No caso de potenciais IPOs, infraestrutura, saneamento e energia têm atraído muito interesse dos investidores. Porque são resilientes, há uma deficiência de infraestrutura no Brasil e as concessões de saneamento estão avançando. Essas companhias têm um crescimento contratado, tem uma tese de crescimento bastante relevante e tem poucos nomes listados, como é o caso em saneamento. Vemos também a parte de terminais portuários, até porque está muito ligado à questão de exportação, do agronegócio, setor que está indo bem no Brasil. E a parte de energia. Em M&As, talvez seja o setor mais quente, com maior número de transações.

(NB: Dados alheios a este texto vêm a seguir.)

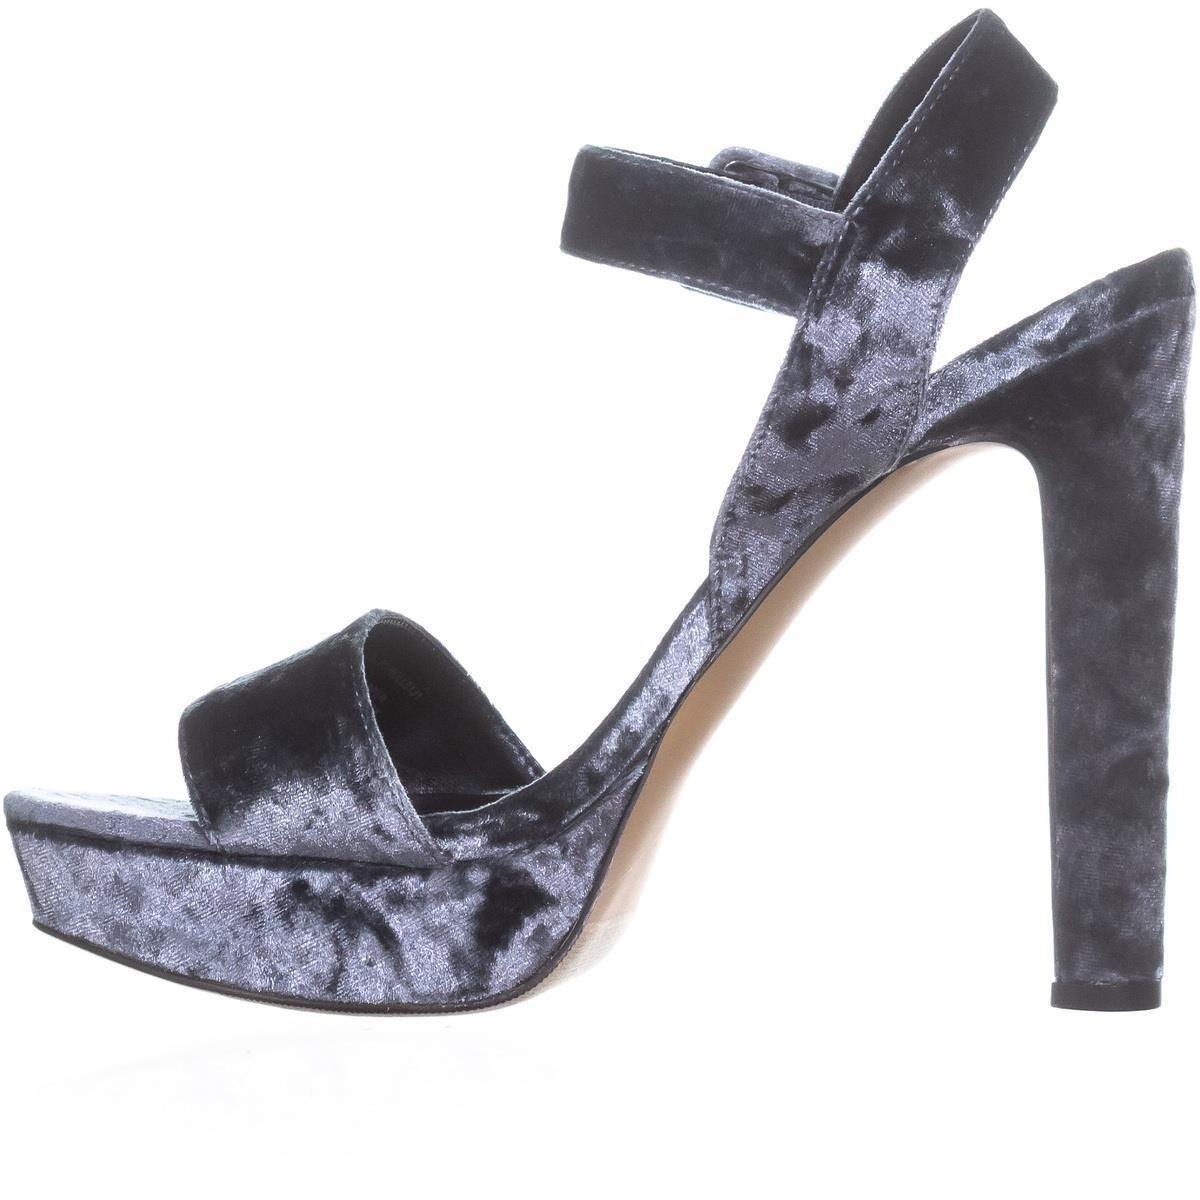 e9c88318e4b7 Shop madden girl Rollo Heeled Sandals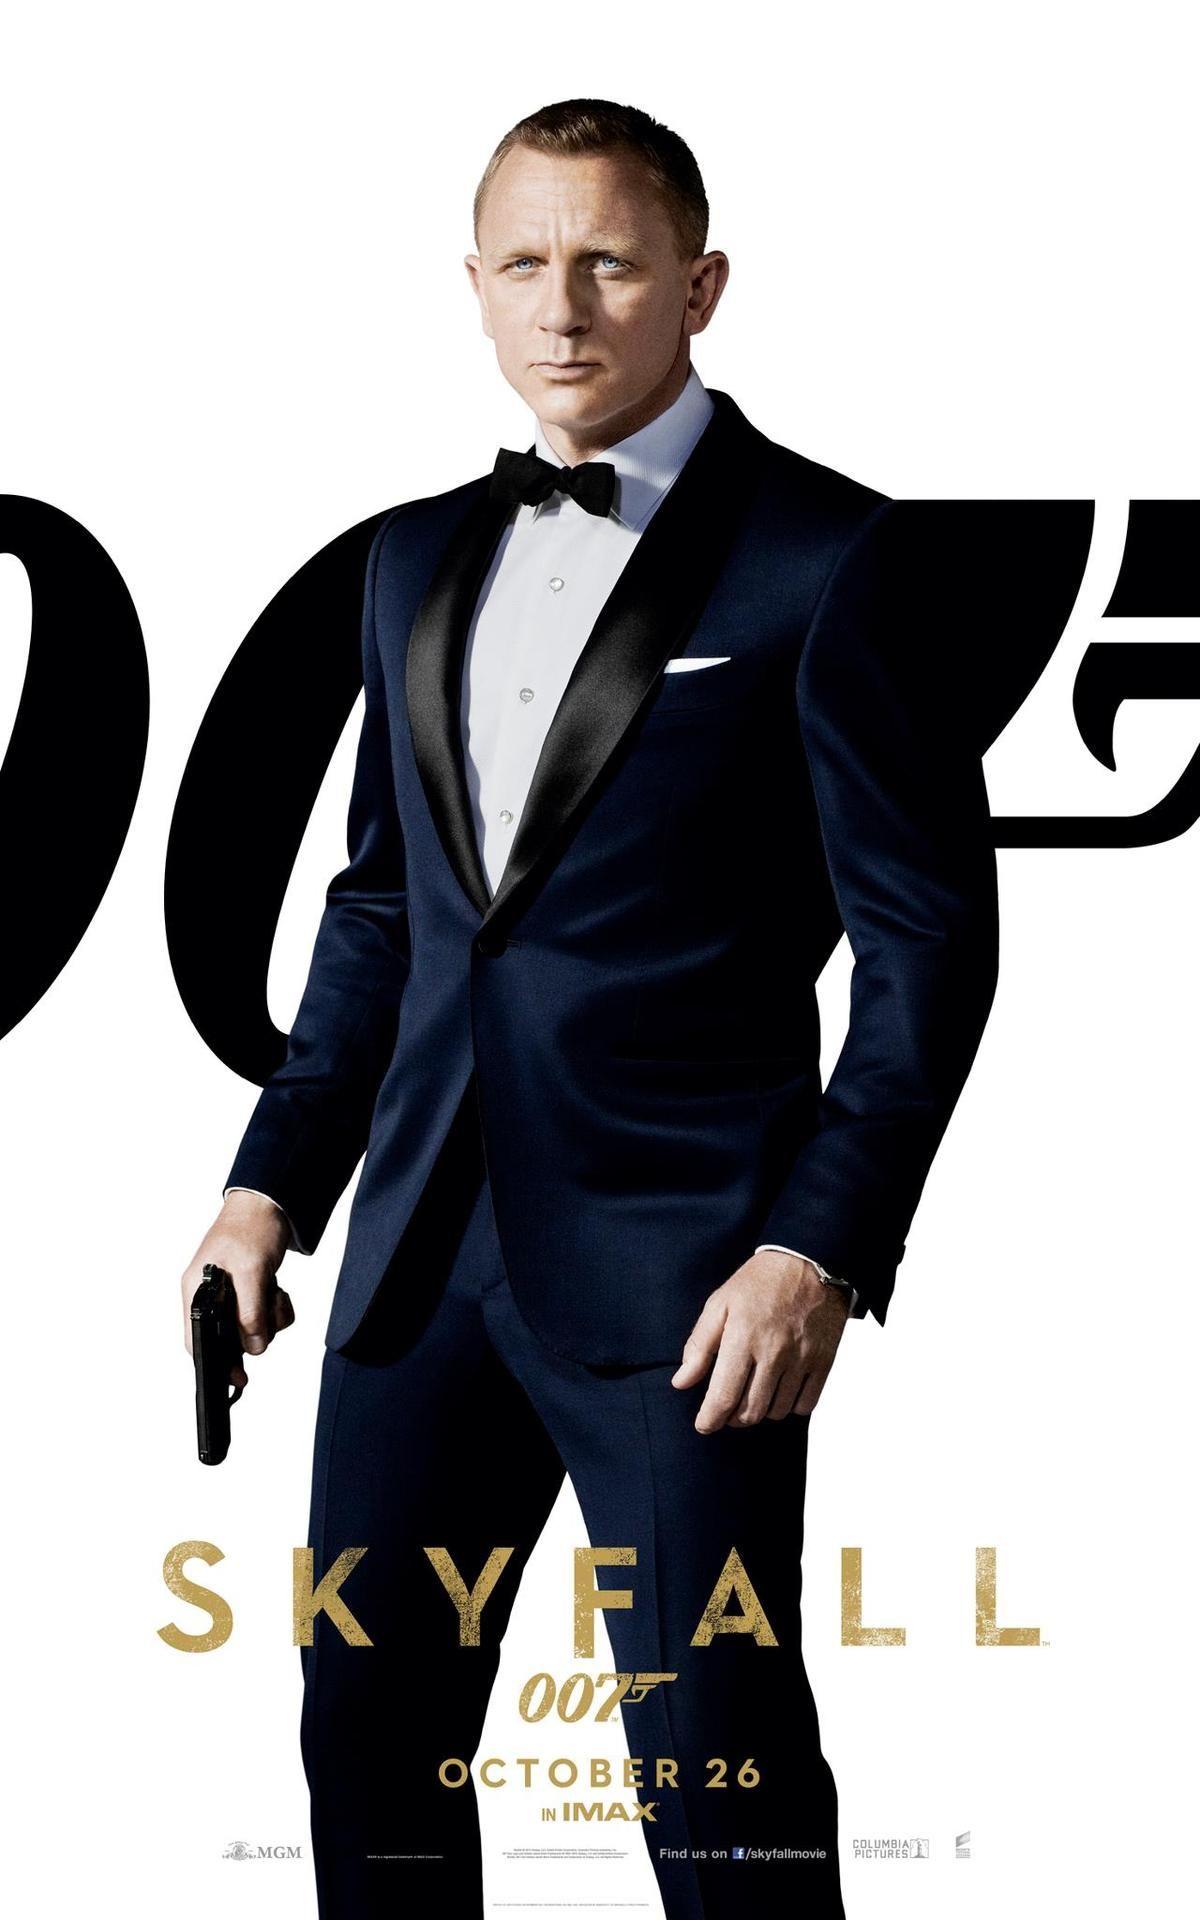 The Daniel Craig Fixation (UK SKYFALL cinema posters) | Daniel ...

Em relação a M&As, como está a demanda por esse tipo de operação, a movimentação no mercado?
No ano passado, registramos a maior receita com M&As na história do Bradesco BBI. Nesse cenário em que o mercado de ações está muito restritivo, vários dos IPOs que vinham sendo planejados acabam se transformando em M&As. Eles podem ser estratégicos, com a compra de empresas; pode ser uma fusão; ou eventualmente o que a gente chama de private placement. Ao invés de abrir capital, a empresa busca um fundo private equity. Esses fundos, durante 2020 e 2021, tinham um competidor muito forte, que era o mercado de capitais. Agora, para as empresas que precisam de dinheiro para fazer planos de investimento, o mercado de equity não está mais lá. Então, elas vão para a via do M&A. O detalhe dessa história toda é que os valuations estão mais baixos. E isso, às vezes, dificulta as transações em dinheiro. Como o setor todo em que a empresa está inserida caiu, isso está fomentando conversas de transações em ações, para não vender a preços baixos.
Acredita ser possível repetir os resultados obtidos em M&A no ano passado em 2023?
Os M&As são projetos muito longos. Então, para termos um ano superpositivo em 2023 em M&As, precisaríamos estar anunciando deals agora. Acredito que vamos ver um hiato (de anúncios), porque no período eleitoral e após as eleições, as companhias colocaram os planos de M&As on hold, esperando para ver o que vai acontecer. Ocorreu uma parada no fim do ano. E agora estamos retomando, mas provavelmente vamos ver anúncio de projetos mais para o segundo ou terceiro trimestre. Acho que vamos ter um nível de atividade semelhante ao do ano passado, mas eventualmente essa questão calendário pode deslocar um pouco os M&As mais para frente.